Feng Chia University (FCU; ) is a private research university in Taiwan, located in Taichung. It was named after Chiu Feng-Chia one of the leaders of the military resistance against the Japanese invasion of Taiwan in 1895. 

Feng Chia University has partnership with Purdue University, RMIT University, University of Zaragoza, and San Jose State University.

History
In 1961, the Feng Chia College of Engineering and Business was established on Guanyin Mountain in Beitun District of Taichung City. Two years later, it was moved to its present location in Xitun District in central Taiwan. The school was granted university status in 1980 and its name changed to Feng Chia University (FCU).

In 2008, the APEC Research Center for Advanced Biohydrogen Technology was established on the FCU campus. In 2009, the Open Geospatial Consortium (OGC) designated the Geographic Information Systems Research Center as the first Asian standards testing center, as well as one of 20 official principal members.

Present
The university has 20,000 graduate and undergraduate students yearly in its nine colleges of Engineering, Business, Sciences, Construction and Development, Information and Electrical Engineering, Finance, Humanities and Social Sciences, School of Management and Development, School of Technology and Management. There are 33 academic departments (excluding undeclared honors programs), four independent graduate institutes and three independent doctoral programs.

In total, FCU offers 57 bachelor's, 76 master's and 14 doctoral degree programs. Since 2008, surveys of executives from Taiwan's top 1,000 enterprises have consistently ranked FCU in the top 10 for the quality of its graduates.

FCU is the third university in Taiwan to complete and receive marks of excellence on five National Science Council technology transfer projects.
In March 2017, Apple recently established Taiwan's first Apple Regional Training Center at FCU, which makes FCU the only university in Taiwan authorized to conduct Apple-certified training courses. In the future, all instructors in the Apple App teacher development program will be trained at FCU.

Academics

There are 37 specialized research centers on campus, including the Green Energy Development Center, Geographic Information Systems Research Center, Construction and Disaster Prevention Research Center, Information and Communication Security Research Center, and Center for Tang Dynasty Culture.

FCU recruits scholars from Taiwan and abroad. In the past three years, more than 40 chair professors have joined the faculty. They include Chin-Chen Chang, who is considered Taiwan's father of cryptography, and Chung-Jen Hsu, former general manager of Uni-President Enterprises Corporation. Chang is ranked number two in the world for the number of published research papers that have been included in the computer science database of the Digital Bibliography & Library Projects (DBLP).

The Green Energy Development Center has developed an anaerobic bioreactor. This bioreactor yields 151/hr biogas from every liter of anaerobic sludge, making it one of the best performing bioreactors in the world. Due to these and other achievements, FCU was chosen as the site for the APEC Research Center for Advanced Biohydrogen Technology, which was established in cooperation with APEC and the National Science Council. In addition, the Taiwan branch of the International Association for Hydrogen Energy (IAHE) has been established on the FCU campus. In 2011, FCU completed the world's first Bio-H2 gas station.

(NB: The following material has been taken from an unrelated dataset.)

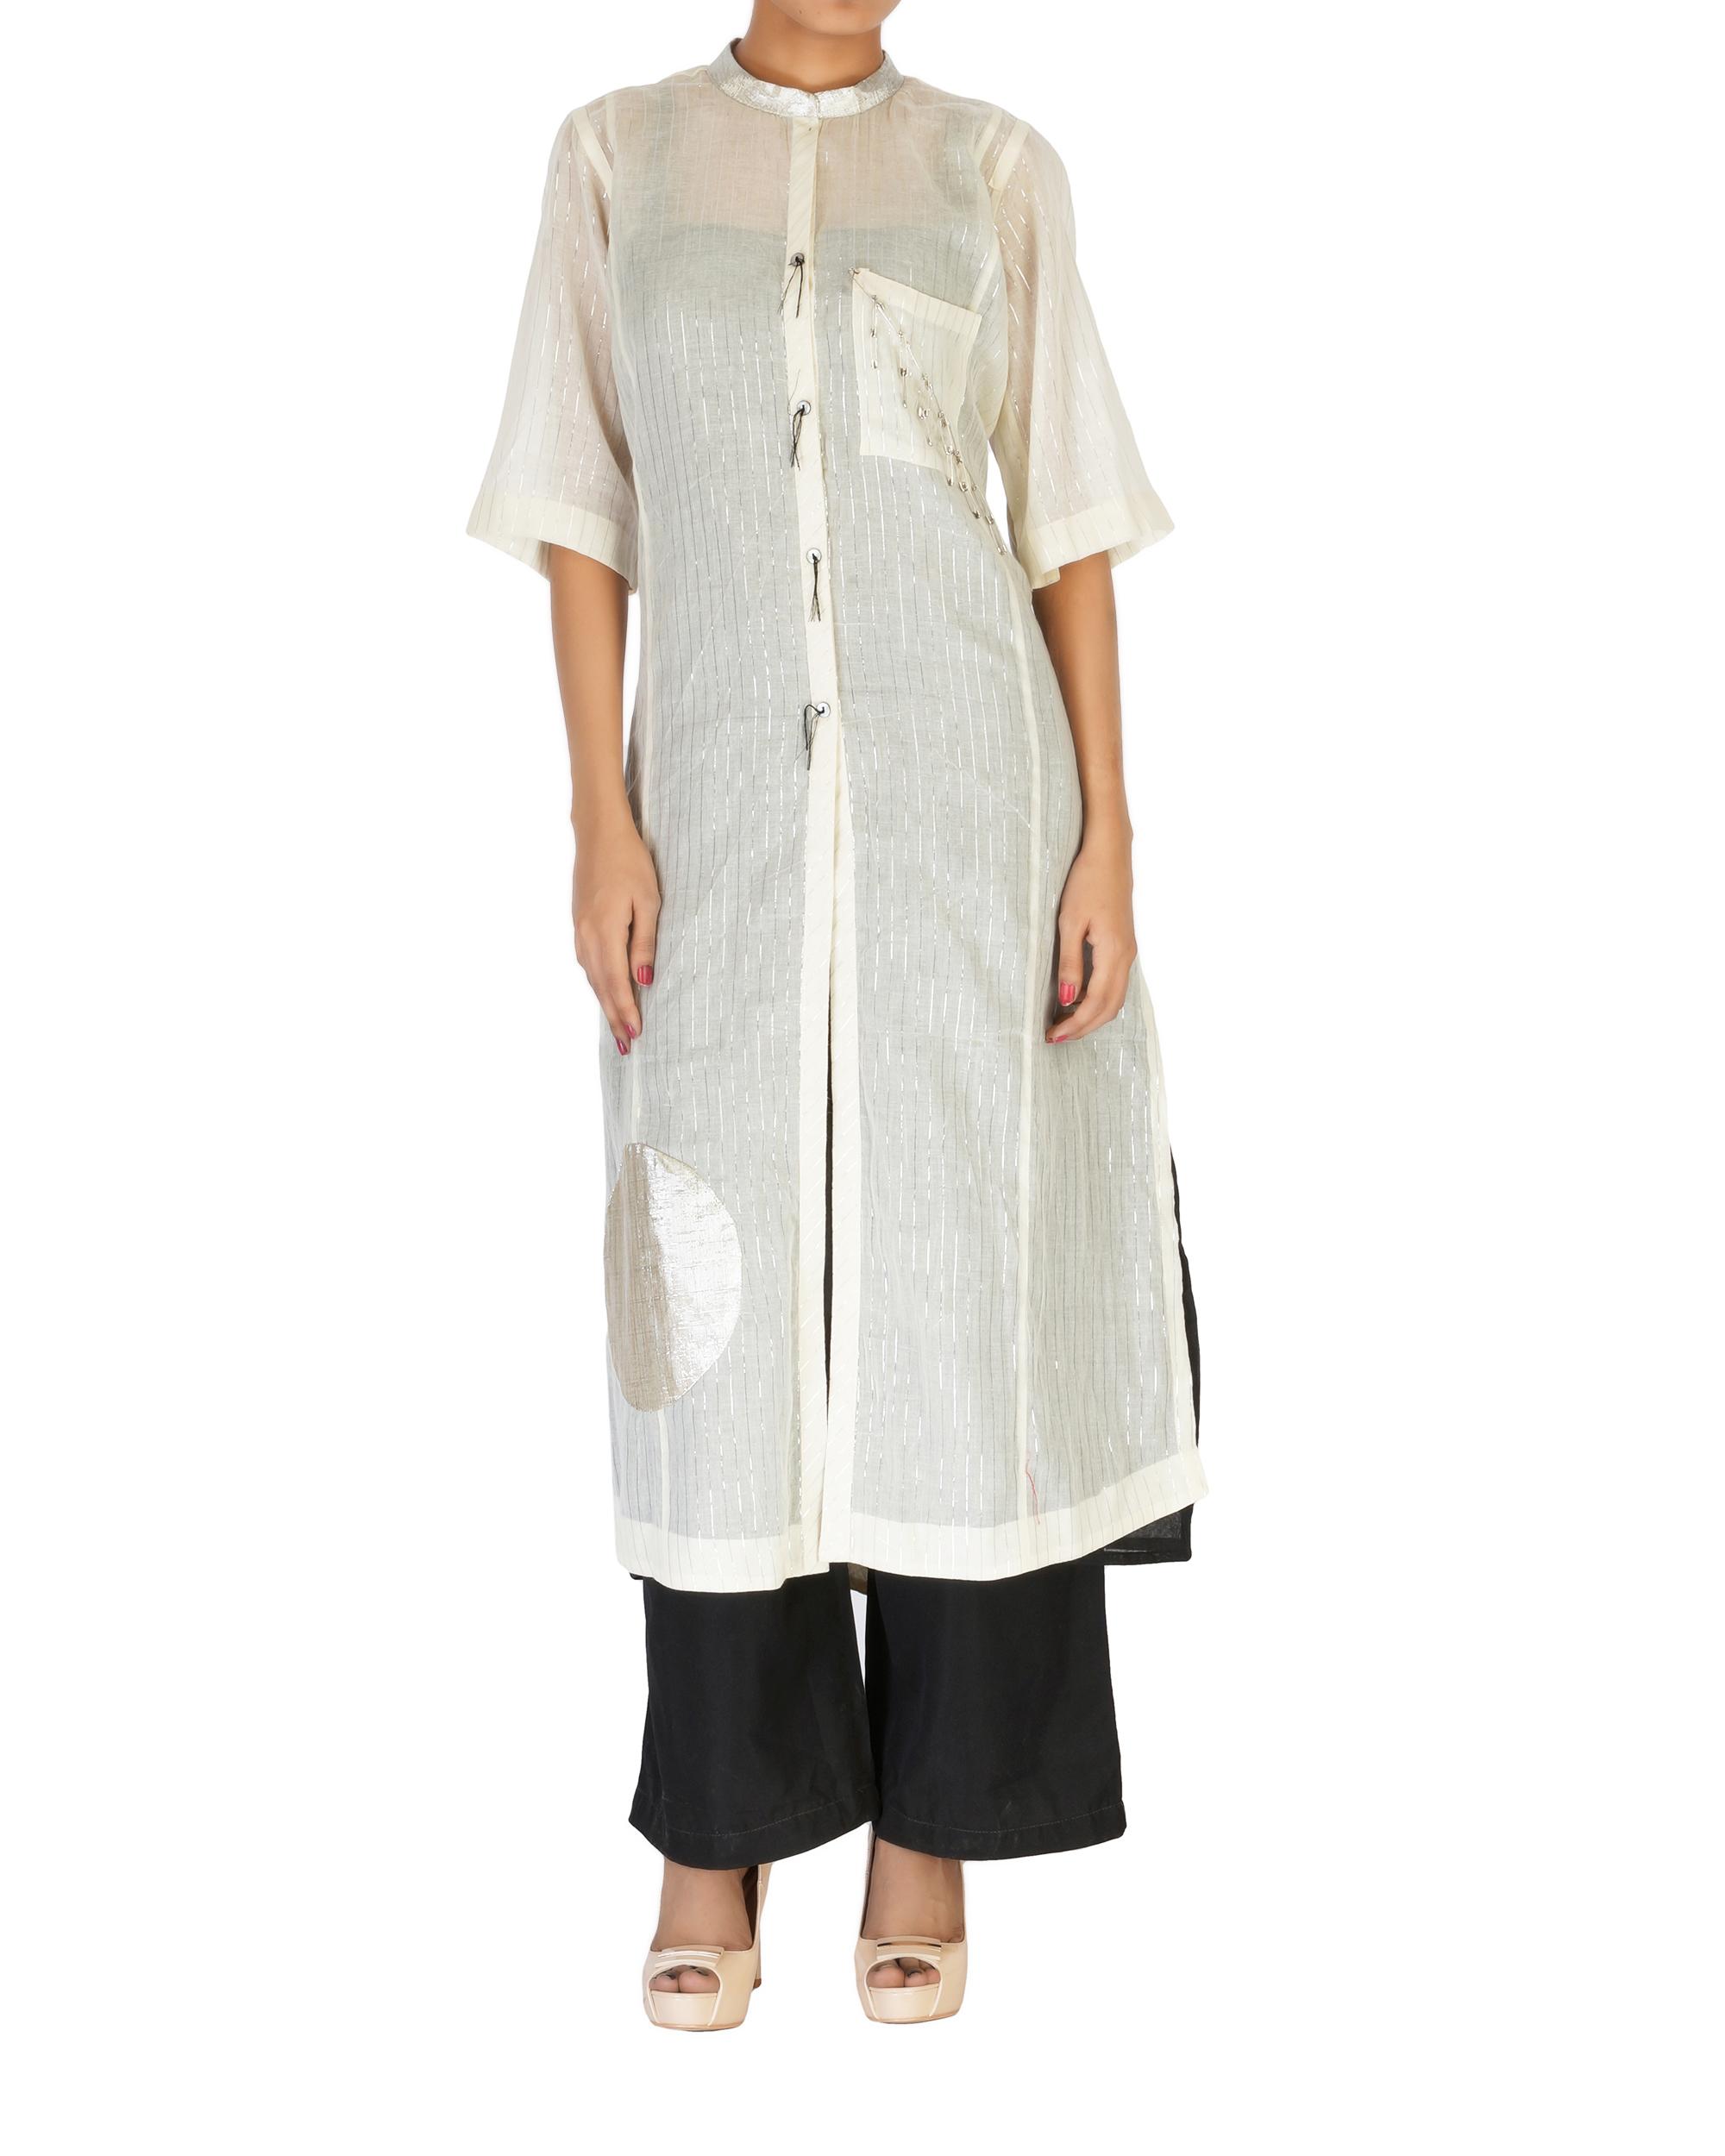 Long kurta shirt
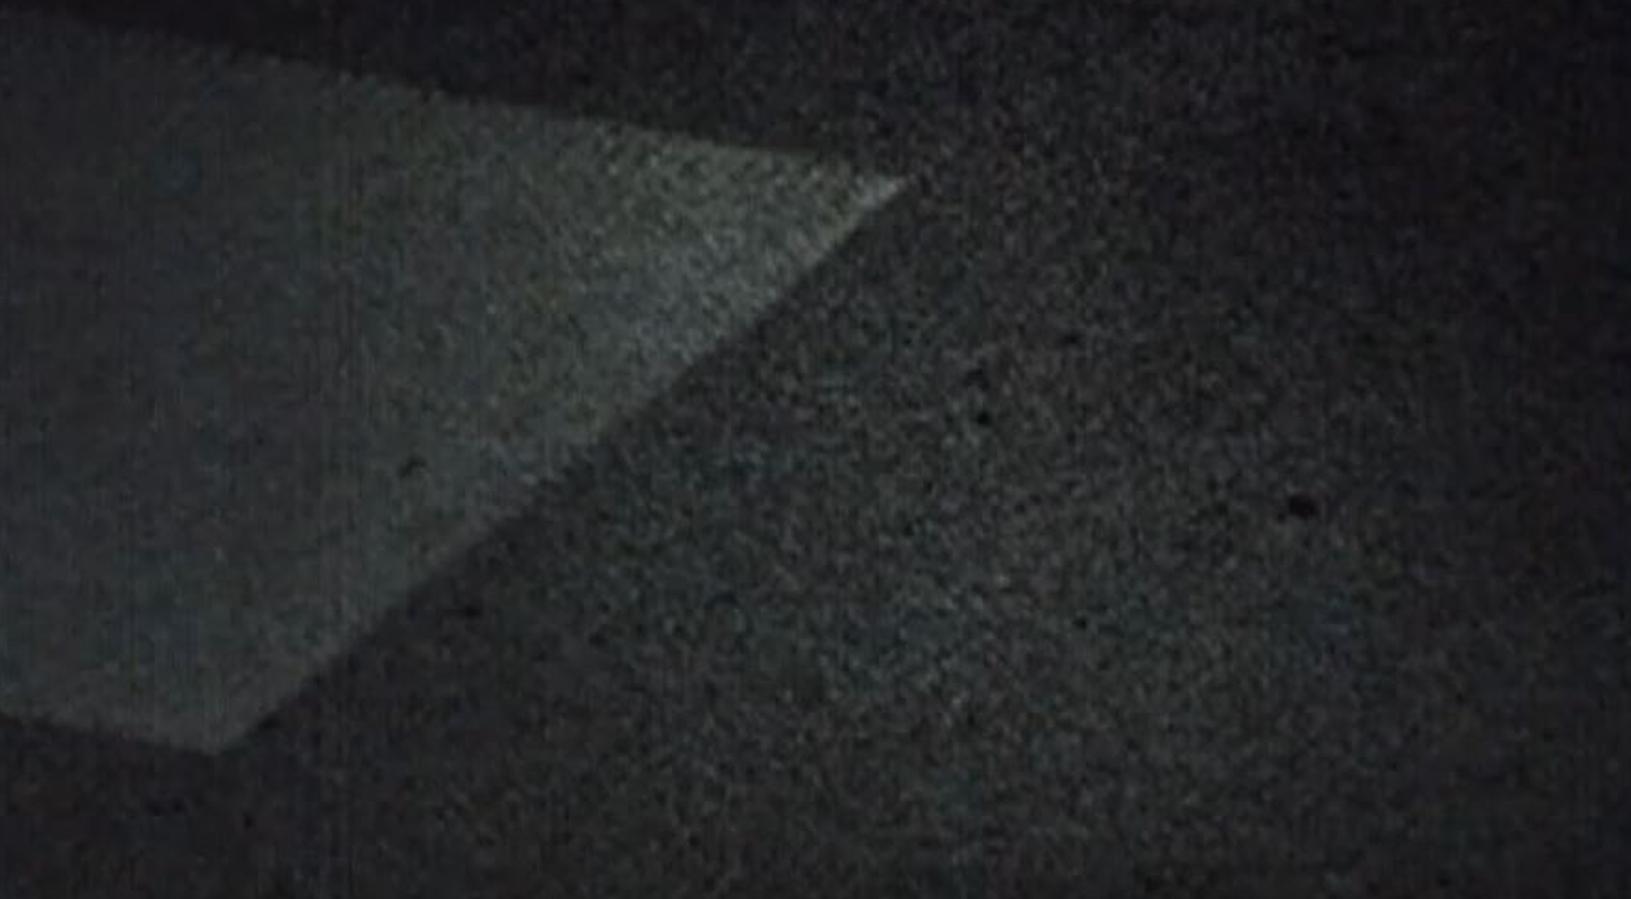 Le nettoyage laser au ralenti en vidéo

The Geographic Information Systems (GIS) Research Center has twice been honored by the US-based Environmental Systems Research Institute (ESRI) with a Special Achievement in GIS award. In 2010, this research center was invited to join the European Union's Plan4All project; among its 25 collaborative partners, FCU was the only academic organization from Taiwan. In that same year, the Open Geospatial Consortium (OGC) approved the GIS Research Center as its first software standards compliance testing center in Asia. It was also named one of 20 OGC principal members.

The Construction and Disaster Prevention Research Center brings together researchers from the fields of civil engineering, hydraulic engineering, water resources engineering and conservation, and geographic information systems. This center has developed technologies with applications for environmental conservation, slope land disaster prevention, and environmental monitoring. It also serves as a long-term partner of the National Science and Technology Center for Disaster Reduction, providing support for local government disaster prevention and rescue efforts. This center participated in the rebuilding efforts that followed Typhoon Morakot and received awards for its contributions and achievements from the Executive Yuan.

In cooperation with Renmin University of China, the Center for the Tang Dynasty Culture spent six years proofreading and editing the Quan Tangfu (The Complete Tang Odes). The center's edited version of this important ancient Chinese compilation has been included in many library collections in Europe, North America, Japan, and Korea.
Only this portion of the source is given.